Work to complete =
A word-for-word retyping of the listing below is required, with the pictures dropped.

Data =
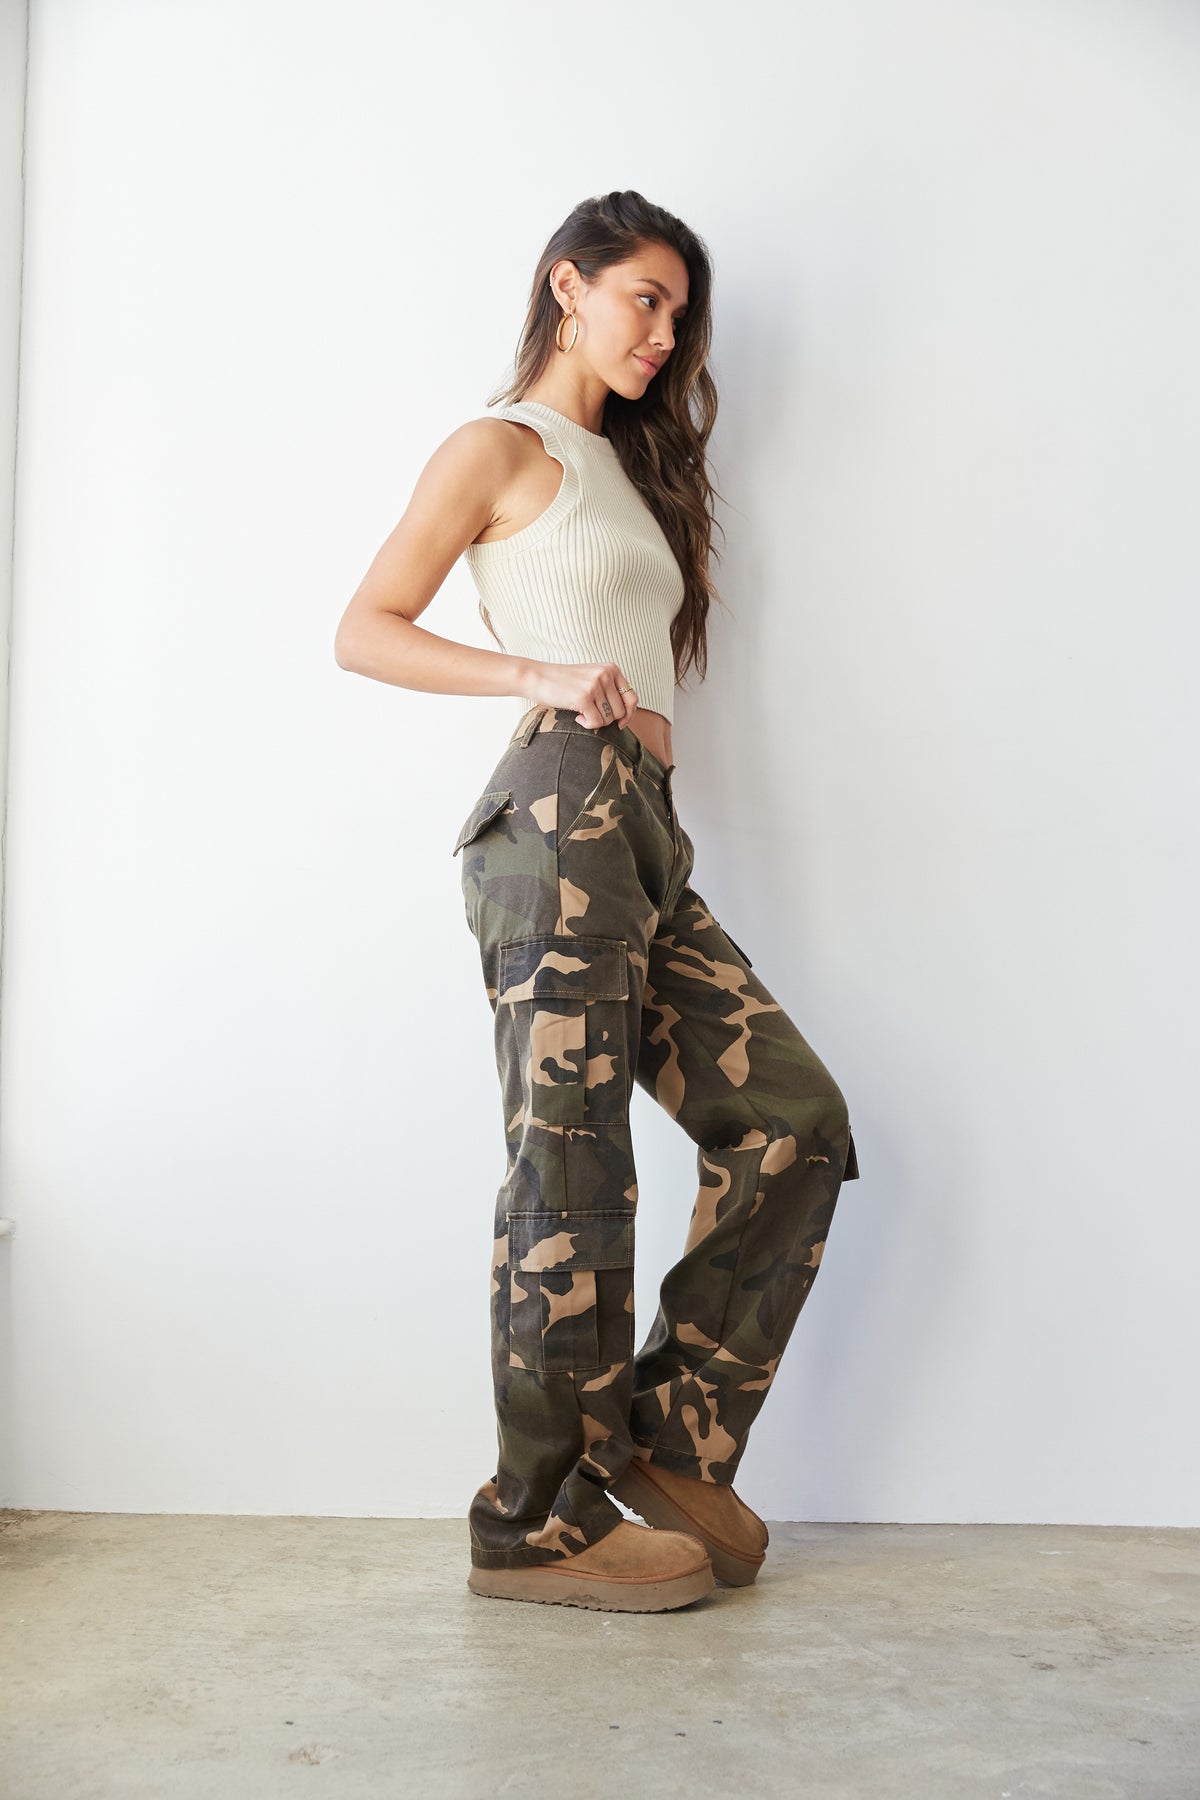 street style outfit inspo - baggy camo cargo pants - army green wide leg pants
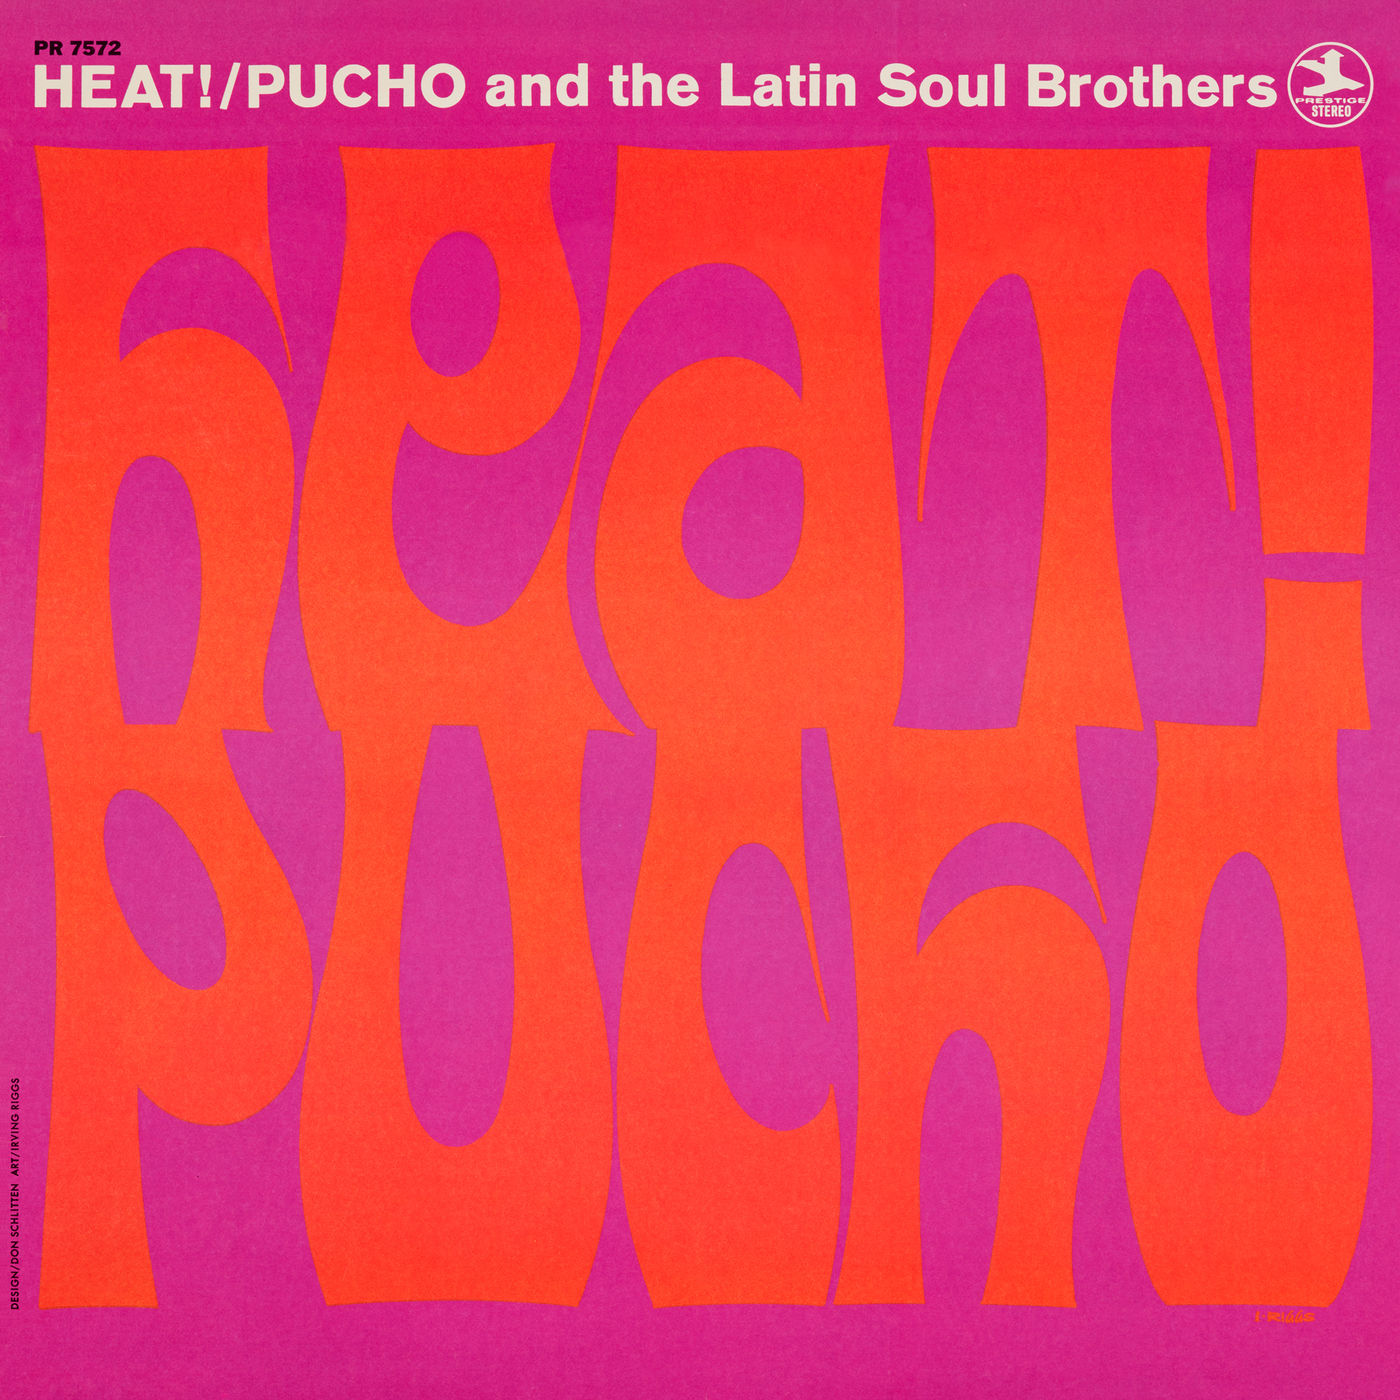 Pucho And The Latin Soul Brothers – Heat! (1968/2021) [FLAC 24bit/192kHz]
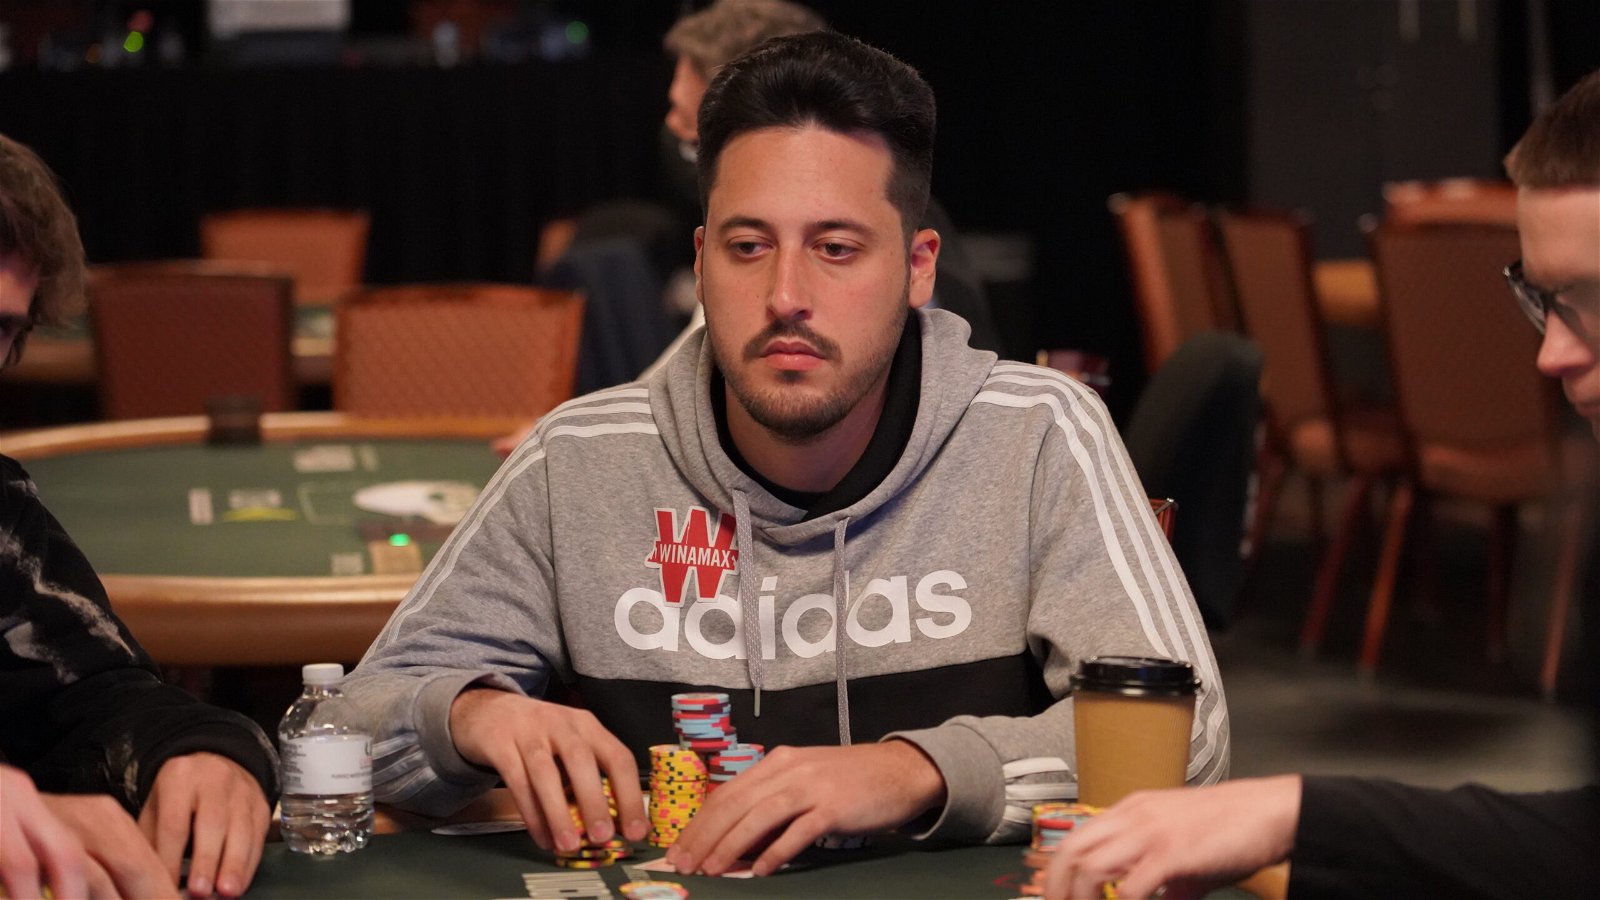 Spanish professional poker player and four-time World Series of Poker bracelet winner Adrian Mateos playing at the WSOP.

Written reply =
 street style outfit inspo - baggy camo cargo pants - army green wide leg pants
 Pucho And The Latin Soul Brothers – Heat! (1968/2021) [FLAC 24bit/192kHz]
 Spanish professional poker player and four-time World Series of Poker bracelet winner Adrian Mateos playing at the WSOP.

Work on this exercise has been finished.